Max3000A devices come with a similar number of macrocells—32 to 256—and identical speeds to their Max7000 equivalents. In fact, Altera builds the Max3000A and Max7000 parts from the same die, although dedicated Max3000A silicon will appear in the future. However, each Max3000A consumes 30% more power than its same-size and -speed Max7000 equivalent, and Max3000A CPLDs also lack the Max7000 architecture's fast input registers.

Altera claims that Max3000A devices cost an average of 30 to 40% less than their Max7000 counterparts. The Max3000A product family also offers quantity-independent prices, such as $1, regardless of order size for the Max3032A, and the company offers a similar strategy only on the Max7032A. Max3000A devices have fewer packaging options and I/O pins than Max7000 equivalents, replacing the pins with more power and ground inputs to accommodate the devices' higher power consumption.

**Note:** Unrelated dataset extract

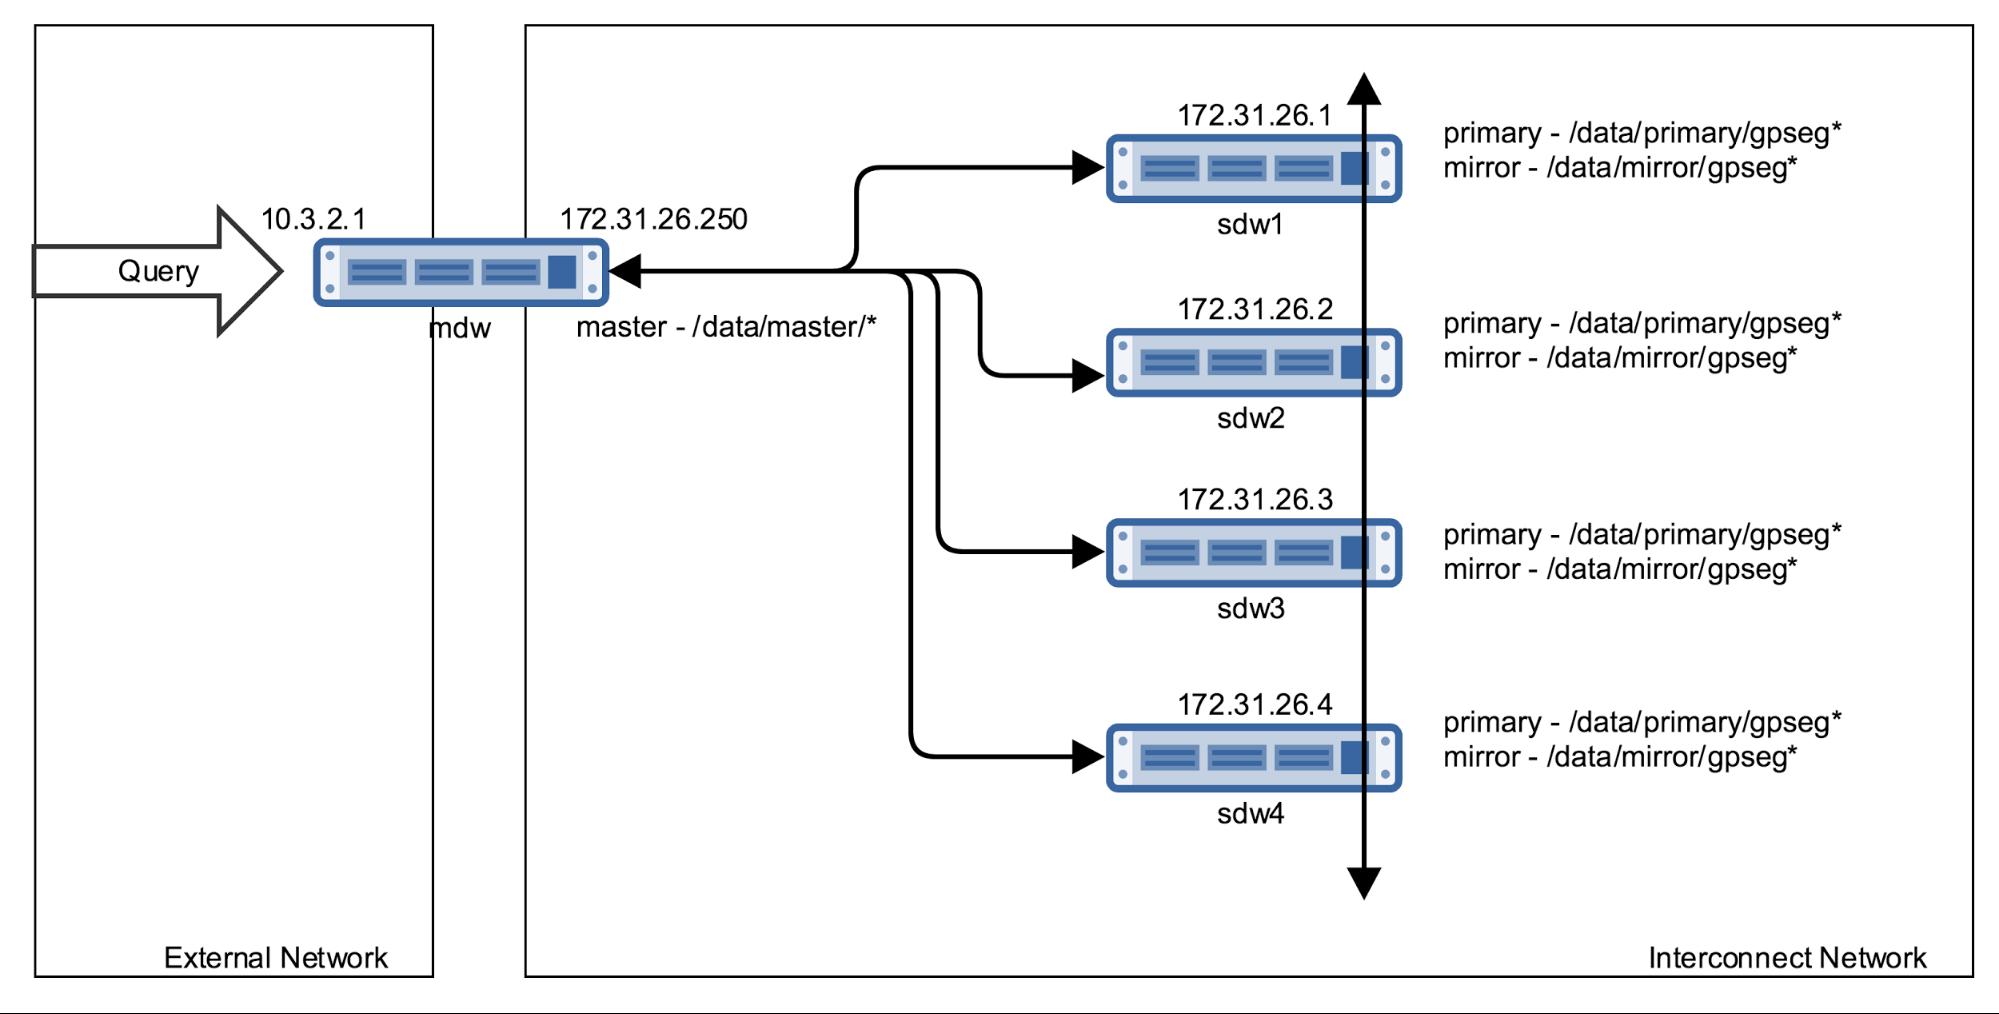 Figure 1. Basic Segmented Network without Zettaset BDEncrypt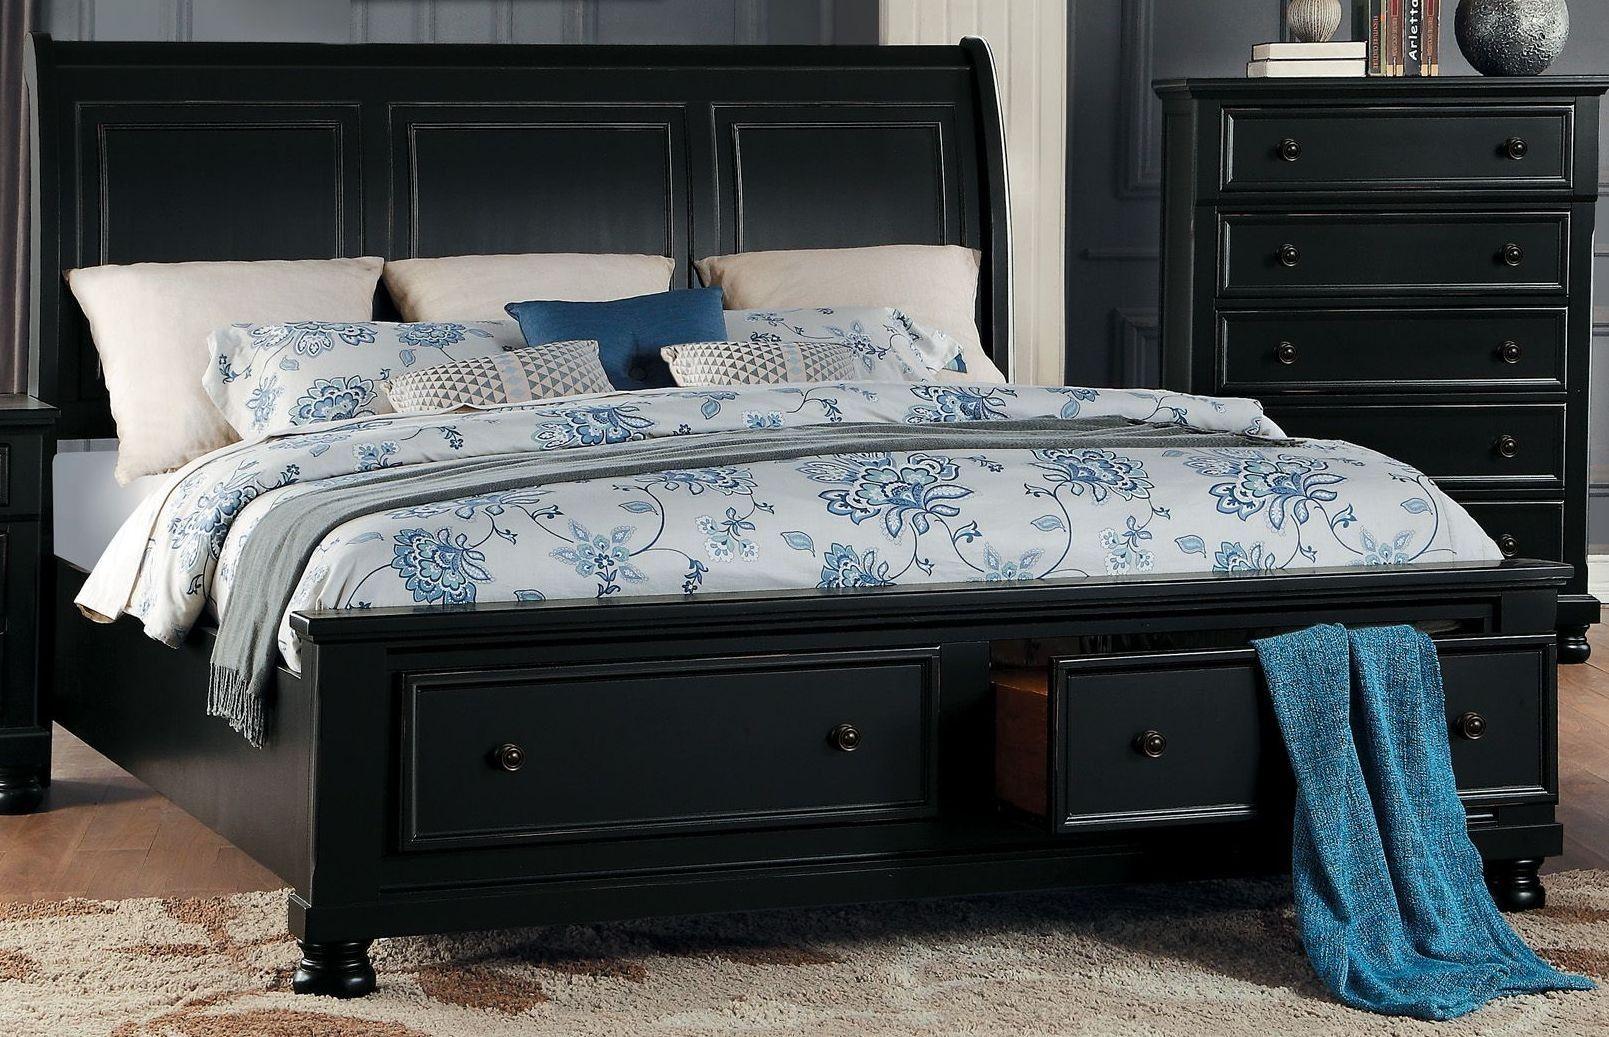 Laurelin Black King Sleigh Storage Bed Platform Bed With Storage King Size Bed Designs Queen Size Platform Bed

Now for FPGAs. Altera no longer promotes—but continues to support designs incorporating—its first-generation, look-up-table-based Flex 8000 programmable-logic architecture. The introduction of Altera's Apex 20K products has relegated the company's former premier FPGA line, the Flex 10K family, to midrange status. And for lowest cost, Altera offers the Flex 6000 architecture. How do you sort out all these product names?

All three families share a common logic-cell structure, simplifying comparison. Flex 6000 lacks the Flex 10K family's ceramic-packaging options, on-chip PLL and embedded-array blocks, thereby providing no on-chip memory, and shifts the routing mix from global- to local-logic block-to-block and block-to-I/O-buffer direct interconnect (Figure 2). Altera reports that Flex 6000 sells for 50 to 65% less than comparable members of the Flex 10K family. Conversely, Apex 20K's embedded-array blocks are more flexible than those on Flex 10K, supporting content-addressable memory (CAM) and limited product-term logic functions in addition to the more common FIFO and multiport-RAM configurations. Apex 20K also delivers multiple on-chip PLLs, a higher memory-bit-to-logic-block ratio, and a more flexible I/O-buffer configuration than does the Flex 10K.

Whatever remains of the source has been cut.